[Instructions to follow] Word for word, set down the lines from the one that holds "live-casino-tang-hoan-tra" through the final line of the listing below, and exclude every picture.

Supplied information START

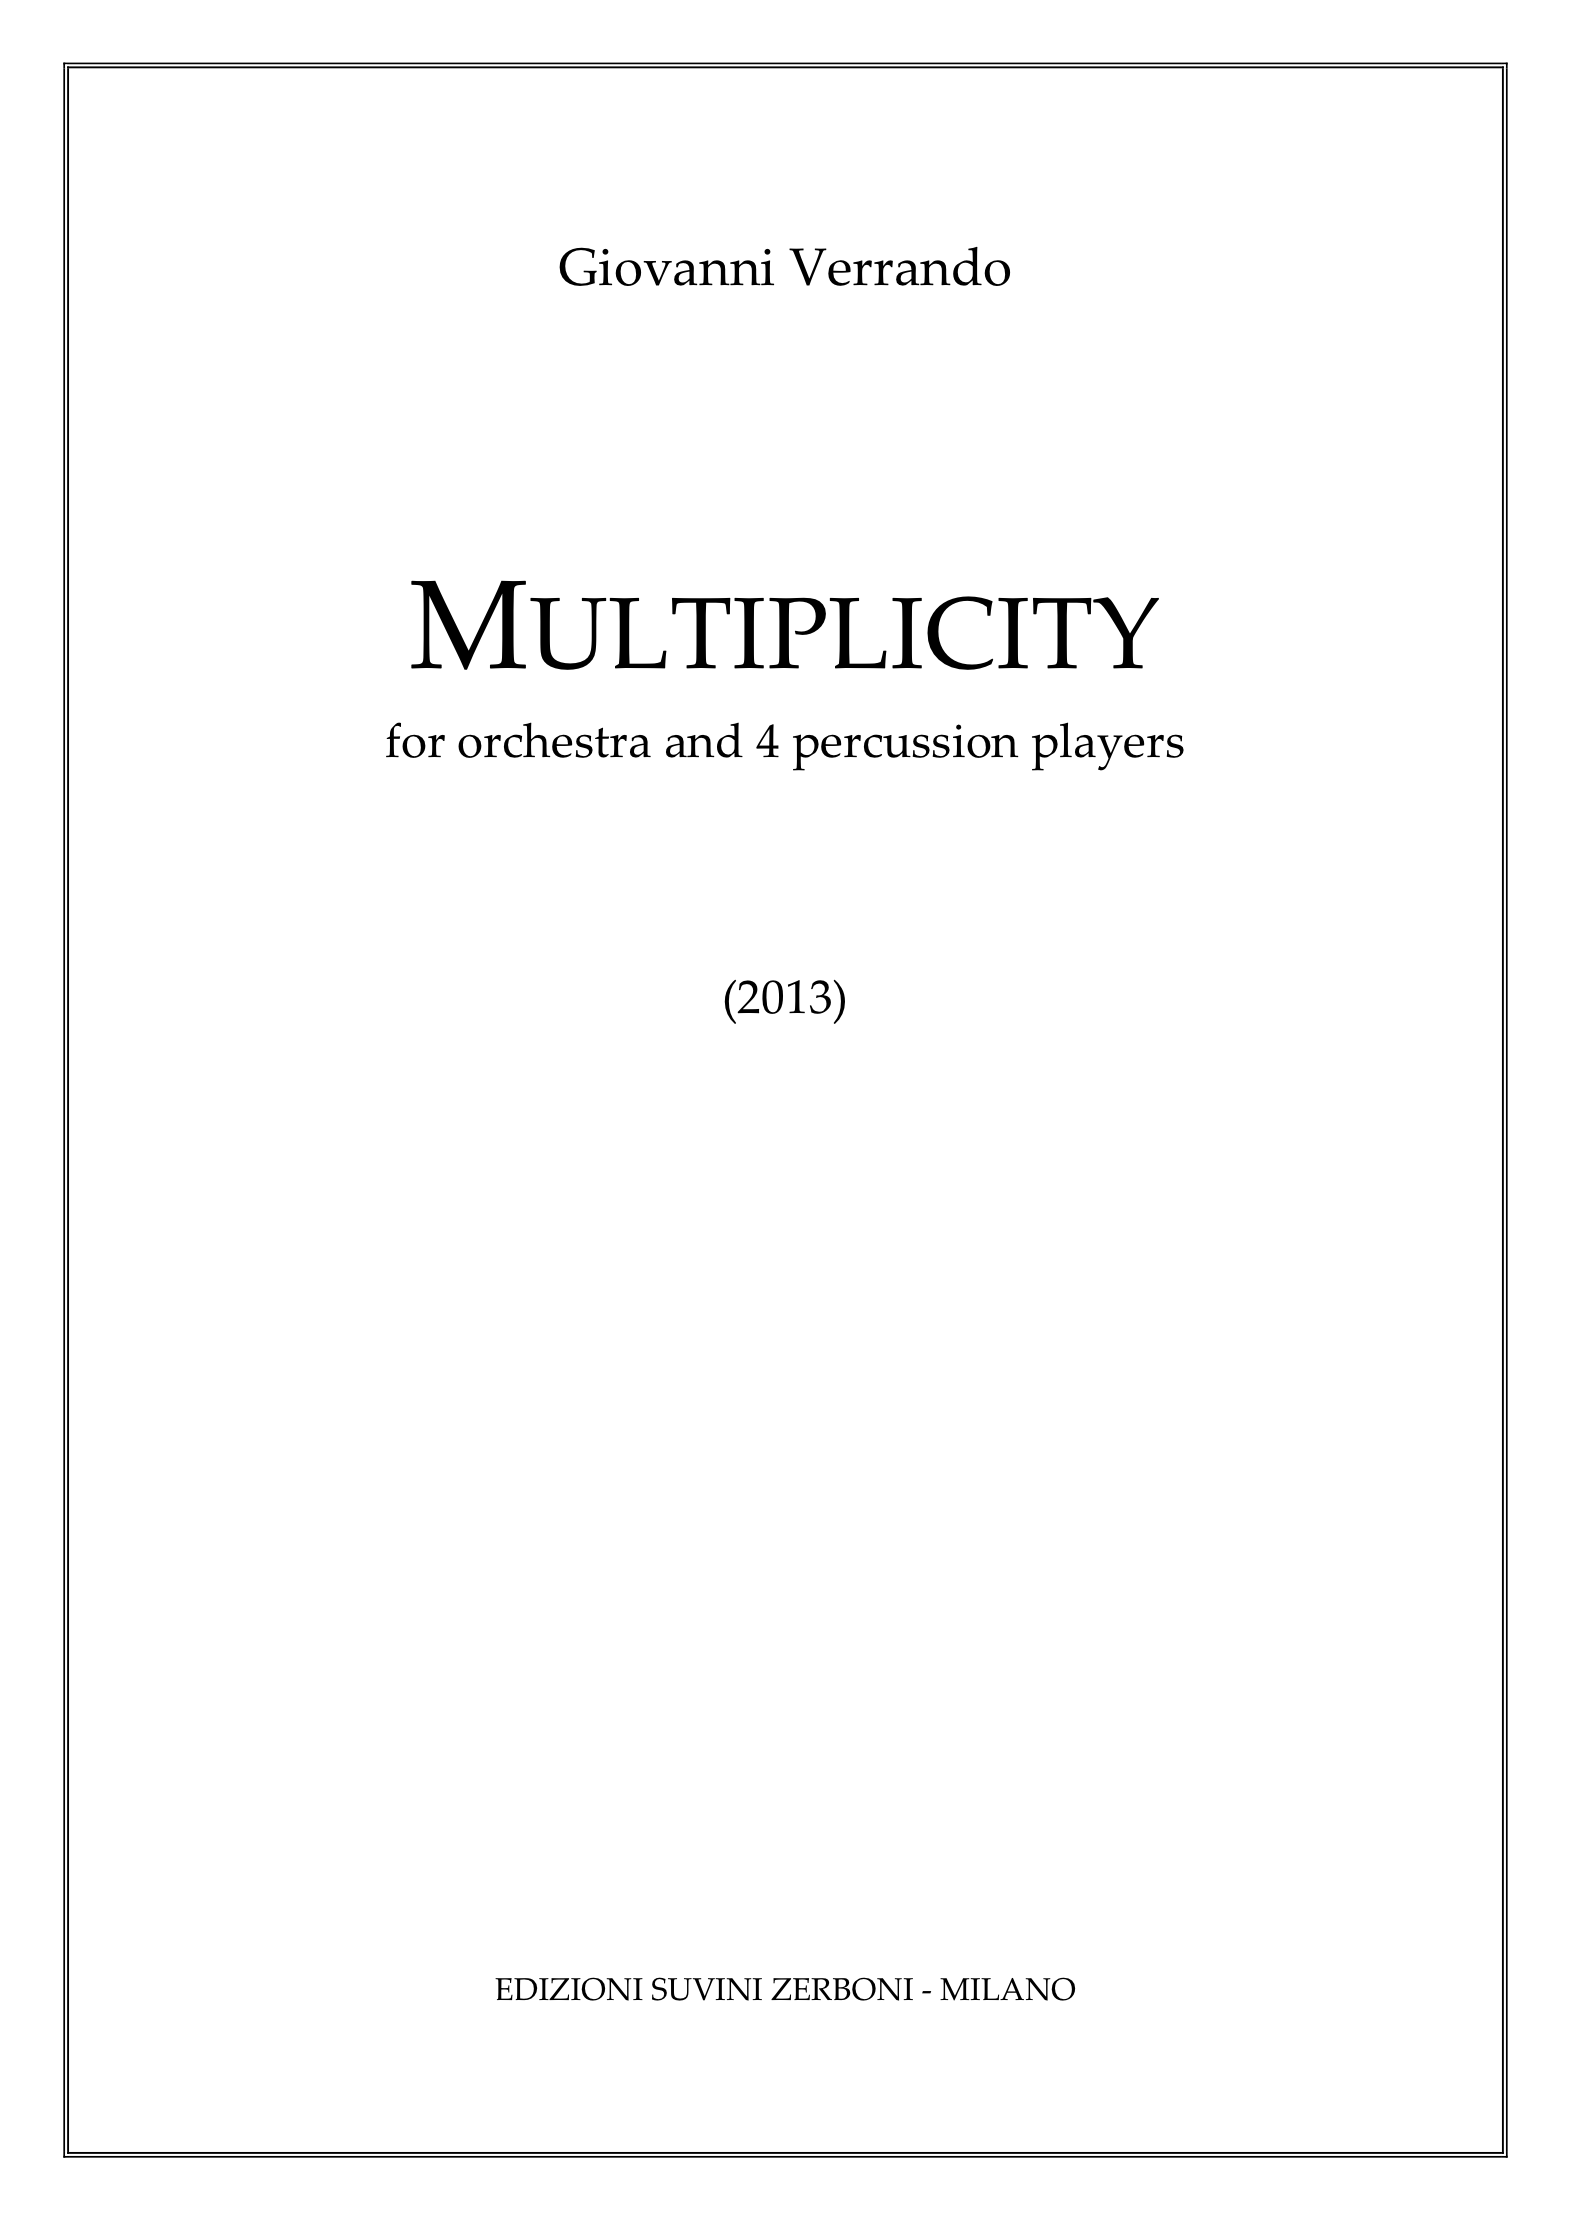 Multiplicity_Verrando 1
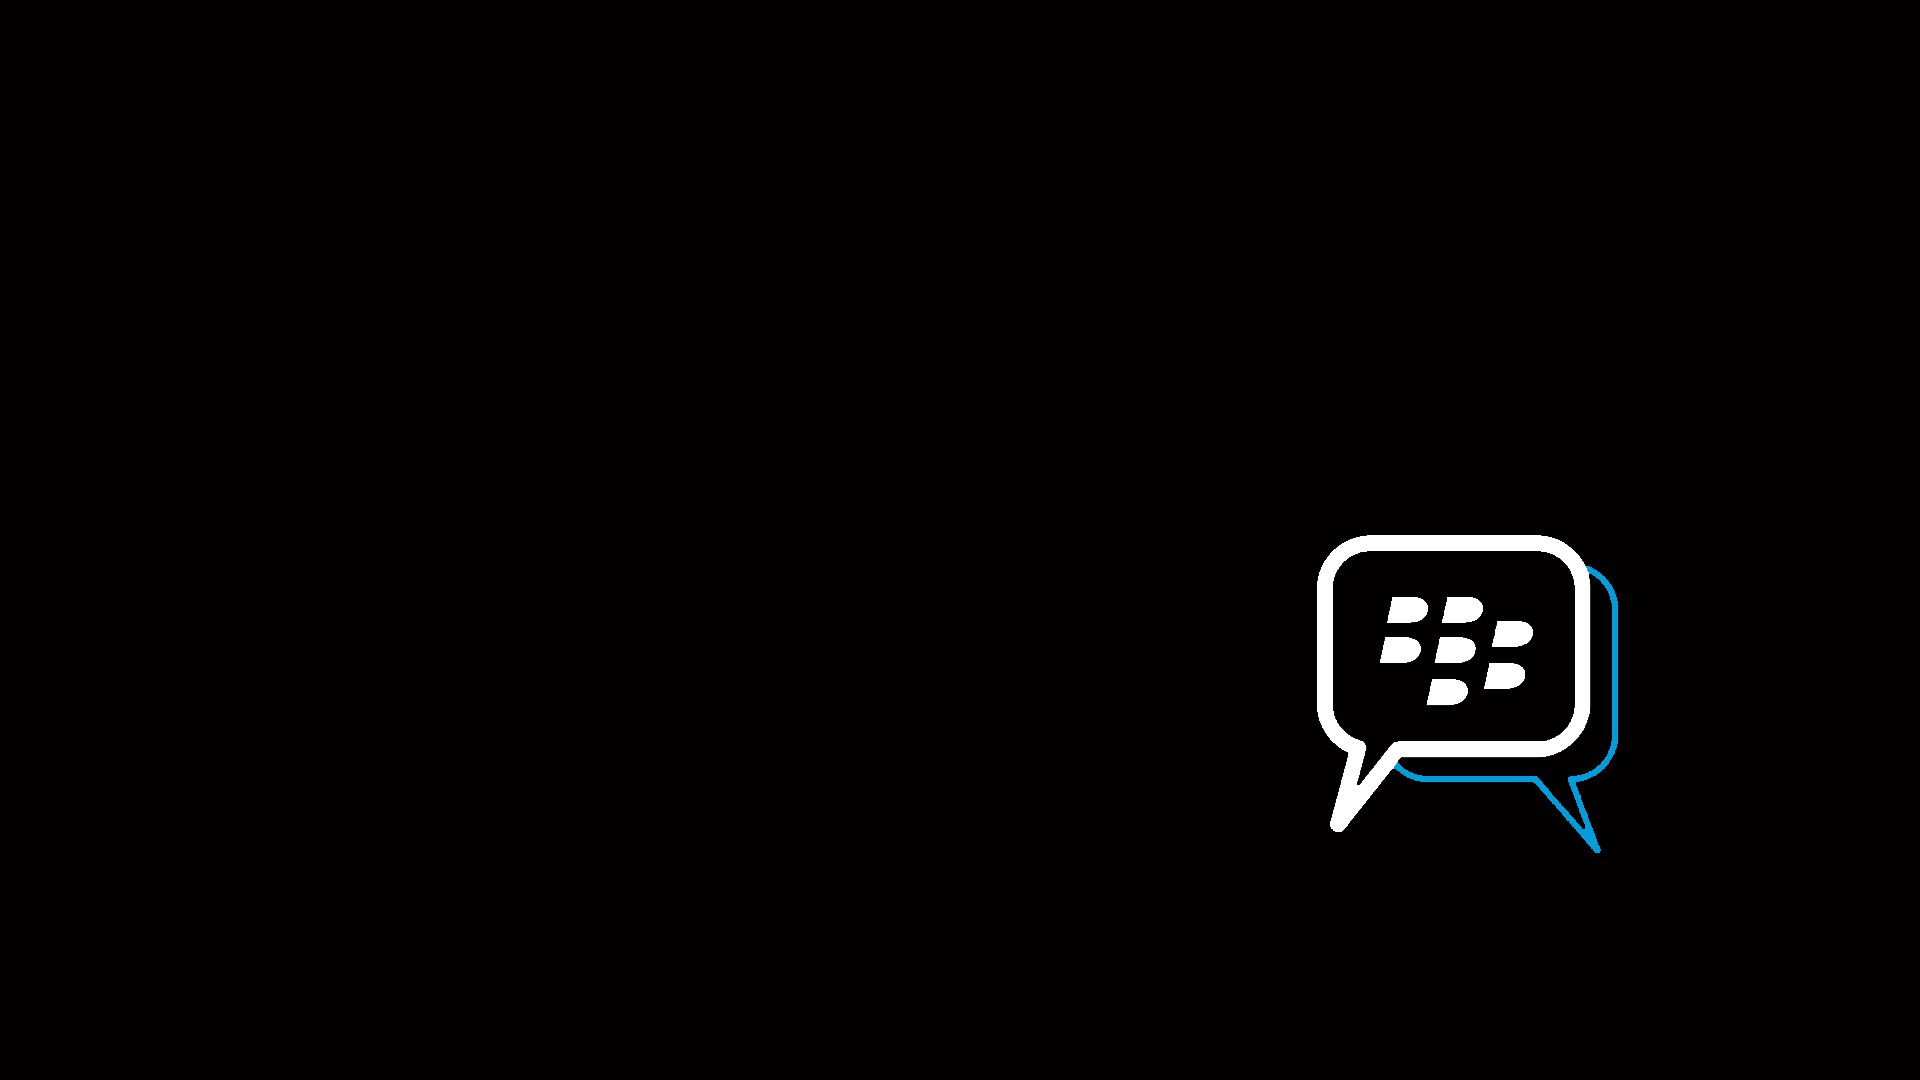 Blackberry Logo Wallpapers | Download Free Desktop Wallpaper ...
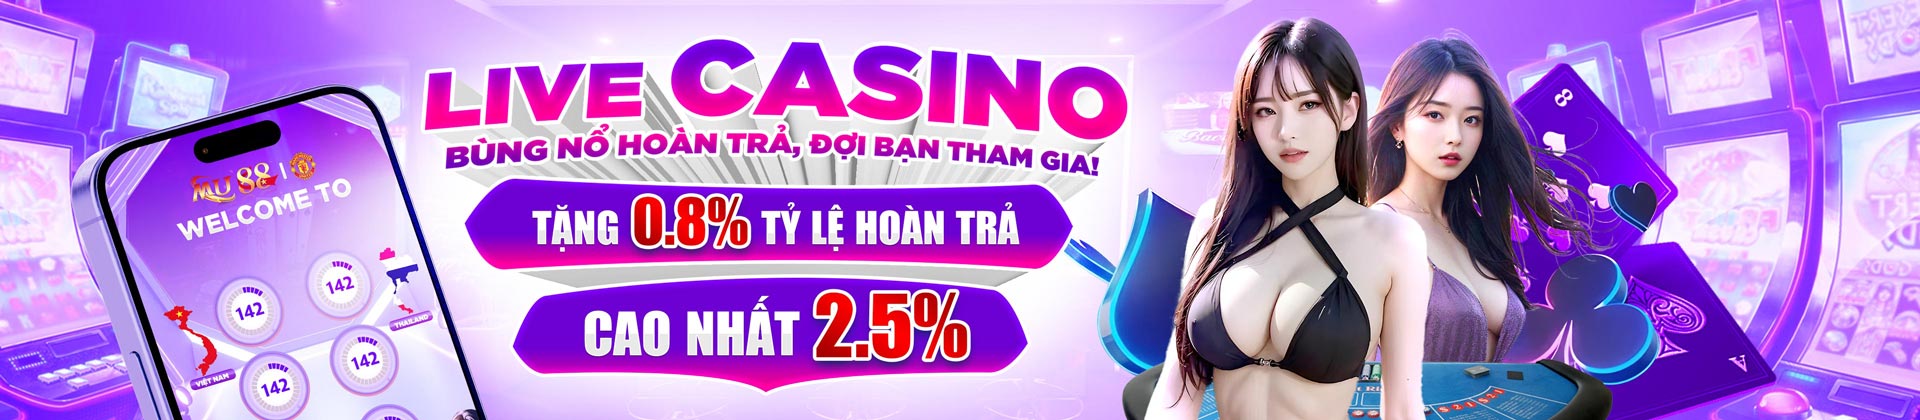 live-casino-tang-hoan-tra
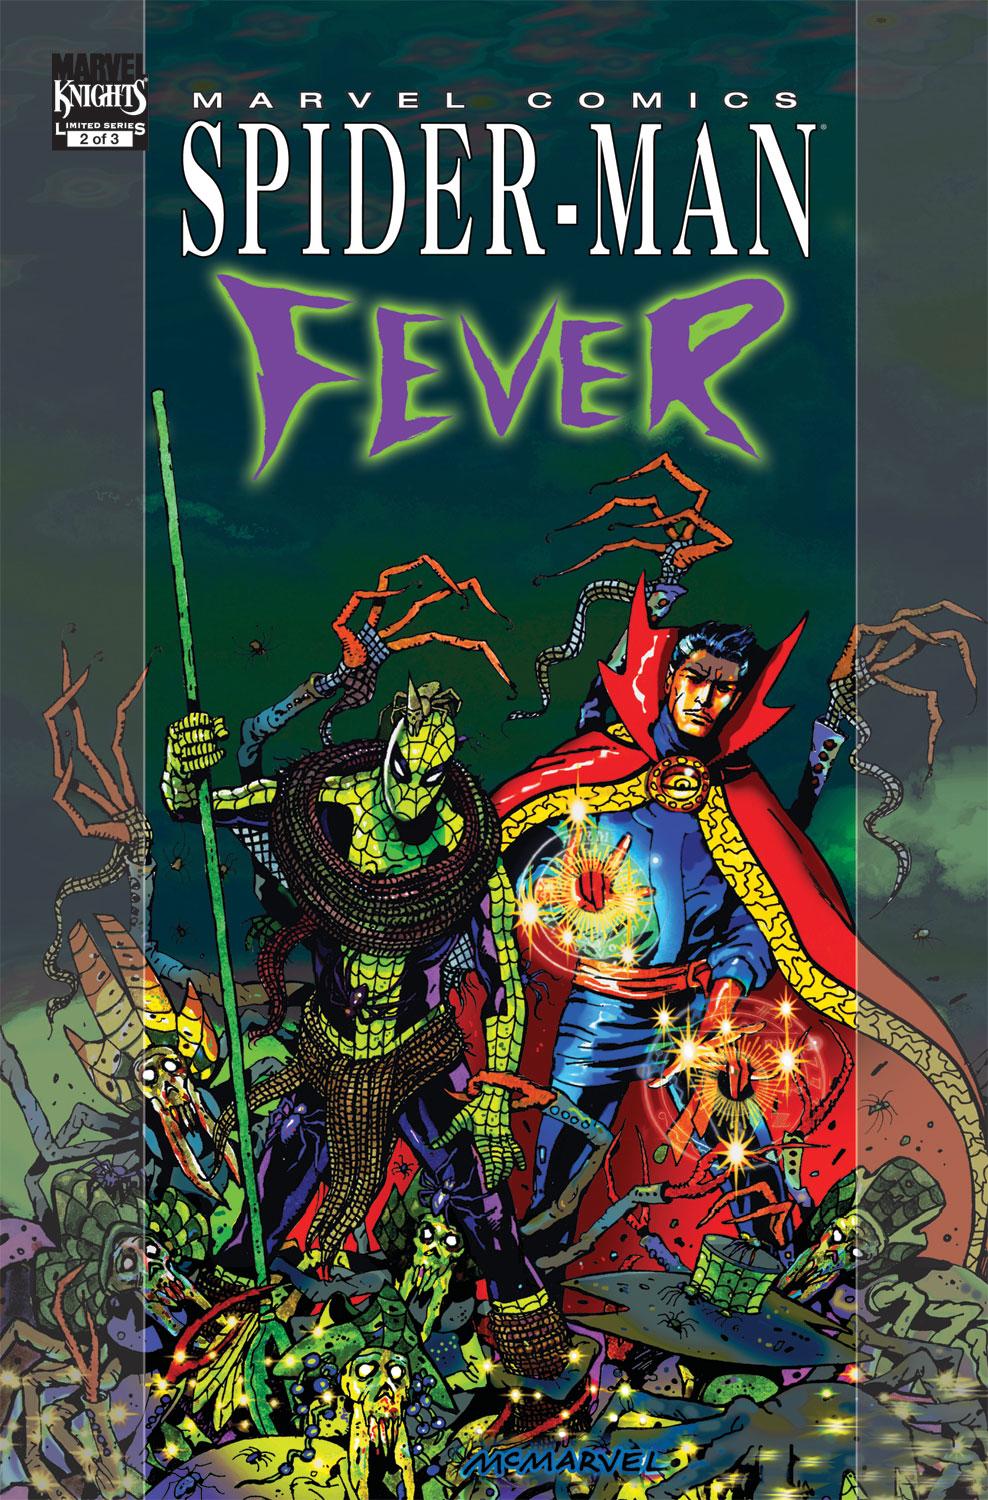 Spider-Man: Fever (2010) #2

Supplied information END

[Solution for this problem]
 live-casino-tang-hoan-tra
 Spider-Man: Fever (2010) #2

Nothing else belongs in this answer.